All further statutory references are to the Health and Safety Code unless otherwise indicated.

I. BACKGROUND

A. Factual Summary

The facts are taken from the transcript of the preliminary hearing and the hearing on defendant's suppression motion, which were held concurrently.

On the morning of April 9, 2015, a security specialist at a San Jose FedEx facility notified Detective Rafael Garcia that a package containing suspected contraband had been intercepted. When the FedEx security specialist opened the package, Detective Garcia observed a smaller box enclosed in gift wrap within it. The security specialist then opened the second box which contained $50,165 in cash. The cash had been divided into six stacks and wrapped in Saran Wrap and fabric softener sheets. Detective Garcia testified, based on his training and experience, that large amounts of currency sent by mail "normally [are] narcotic[s] proceeds." He also explained that it was "not unusual" for narcotics to be packaged in fabric softener sheets in an effort to avoid detection by drug sniffing dogs. A trained K-9 dog subsequently did alert to the presence of narcotics in the package which led Detective Garcia to opine that the currency had come into contact with narcotics.

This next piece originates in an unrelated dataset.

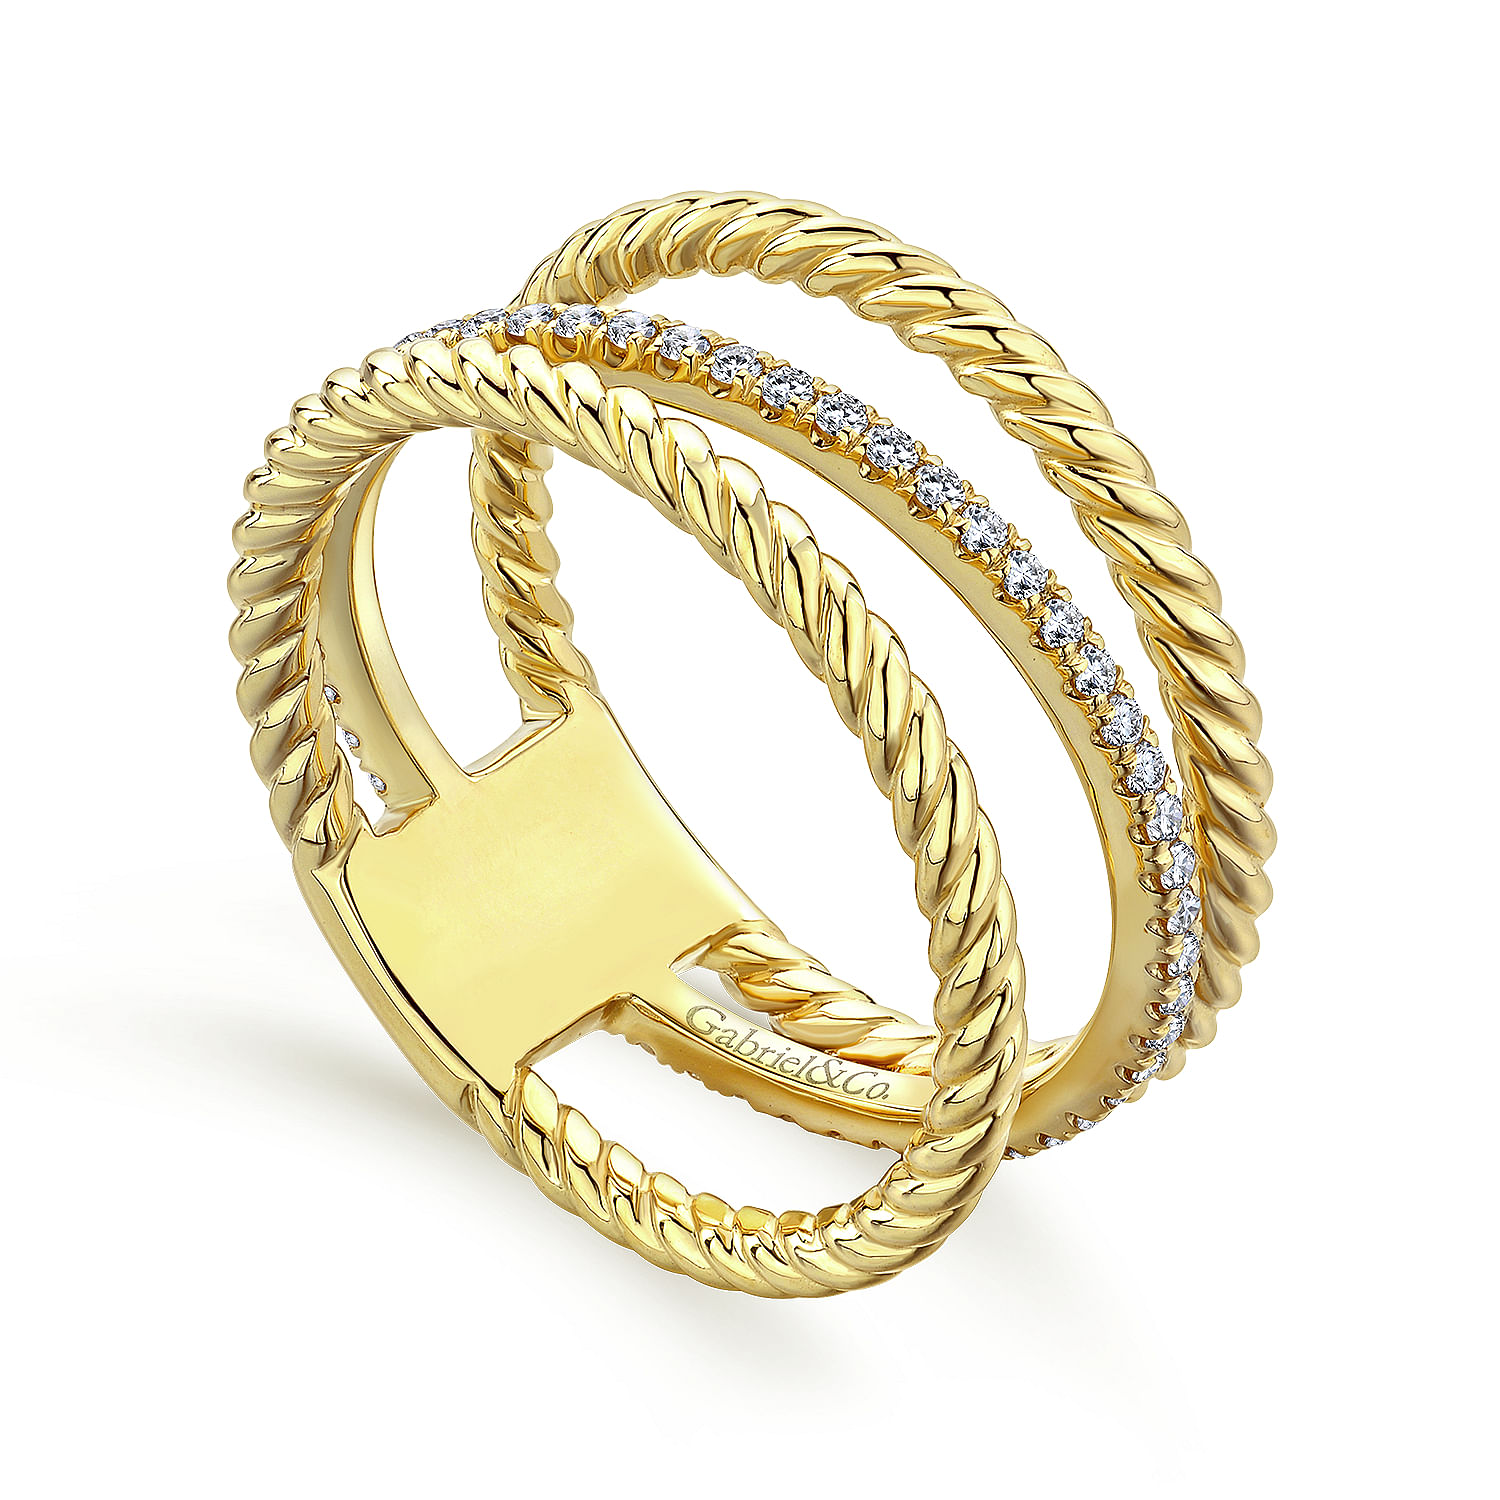 14K Yellow Gold Three Row Twisted Rope and Diamond Band Open Ring

At the time, Detective Garcia was employed by the Monterey County Sheriff's Department and was assigned to the Drug Enforcement Administration as part of a Narcotic Investigation Task Force operating in Northern California.

The package was addressed to Thanh Vu at an address in San Jose. Six task force officers responded to the address—a residence—later that same day. They observed two vehicles parked in the driveway, one of which—a Honda Accord—was registered to Thanh Vu.

At approximately 4:15 p.m., Detective Garcia and Agent Rubino approached the front door of the residence. Two other task force officers positioned themselves on the east side of the residence to observe the backyard area. The remaining two officers stood on the west side of the residence near the garage.

Detective Garcia and Agent Rubino knocked on the front door twice with no response. The officers then shouted "FedEx" as they knocked a third time. A man answered the front door. As the door opened, Detective Garcia noticed an "overwhelming" odor of fresh marijuana coming from inside, which he believed to be consistent with the "odor of marijuana . . . being cultivated."

The officers identified themselves and told the man that they were there to investigate a package. They asked if Thanh Vu lived there. The man said that he did not. Detective Garcia then asked the man if he knew who owned the Honda Accord that was parked in front of the home. The man responded that the vehicle belonged to his friend's girlfriend. When Detective Garcia asked if there was marijuana inside the home, the man indicated that there was none present. Detective Garcia then asked whether the man had a medical marijuana card and he responded that he did but that he did not have it "on his person." The man then declined the officers' request to search the home for marijuana.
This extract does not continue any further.